PLoS ONE (Jan 2021)
Multimodal prediction of trait emotional intelligence-Through affective changes measured using non-contact based physiological measures.
Abstract
Inability to efficiently deal with emotionally laden situations, often leads to poor interpersonal interactions. This adversely affects the individual's psychological functioning. A higher trait emotional intelligence (EI) is not only associated with psychological wellbeing, educational attainment, and job-related success, but also with willingness to seek professional and non-professional help for personal-emotional problems, depression and suicidal ideation.
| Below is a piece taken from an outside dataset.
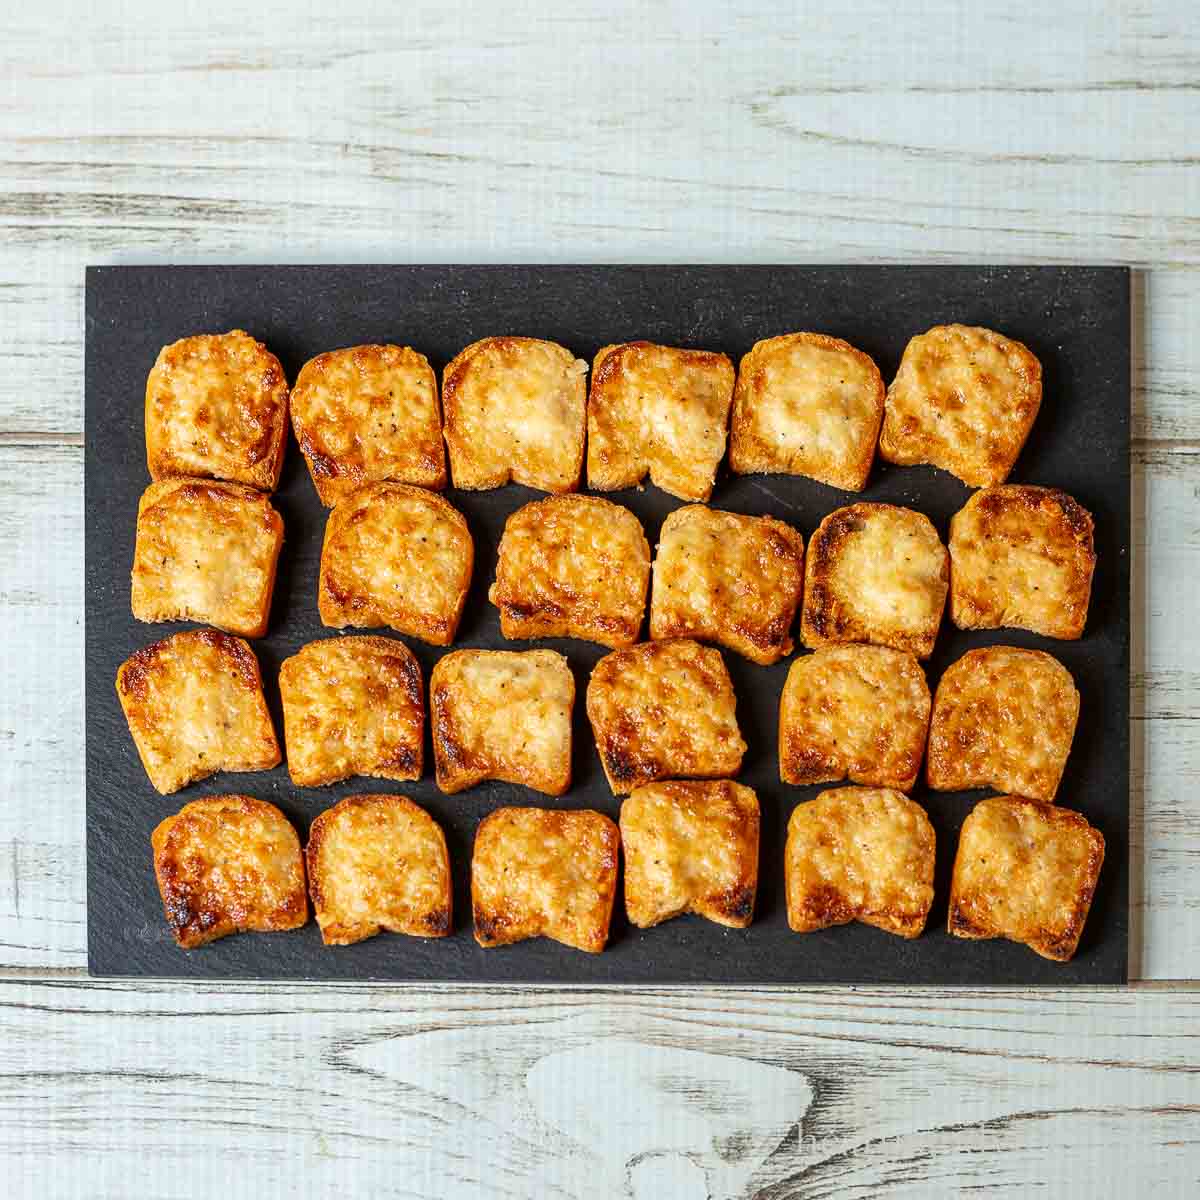 Parmesan bread bites on a black serving slate all lined up in rows.

Thus, it is important to identify low (EI) individuals who are more prone to mental health problems than their high EI counterparts, and give them the appropriate EI training, which will aid in preventing the onset of various mood related disorders. Since people may be unaware of their level of EI/emotional skills or may tend to fake responses in self-report questionnaires in high stake situations, a system that assesses EI using physiological measures can prove affective. We present a multimodal method for detecting the level of trait Emotional intelligence using non-contact based autonomic sensors. To our knowledge, this is the first work to predict emotional intelligence level from physiological/autonomic (cardiac and respiratory) response patterns to emotions. Trait EI of 50 users was measured using Schutte Self Report Emotional Intelligence Test (SSEIT) along with their cardiovascular and respiratory data, which was recorded using FMCW radar sensor both at baseline and while viewing affective movie clips. We first examine relationships between users' Trait EI scores and autonomic response and reactivity to the clips. Our analysis suggests a significant relationship between EI and autonomic response and reactivity. We finally attempt binary EI level detection using linear SVM. We also attempt to classify each sub factor of EI, namely-perception of emotion, managing own emotions, managing other's emotions, and utilization of emotions. The proposed method achieves an EI classification accuracy of 84%, while accuracies ranging from 58 to 76% is achieved for recognition of the sub factors. This is the first step towards identifying EI of an individual purely through physiological responses. Limitation and future directions are discussed.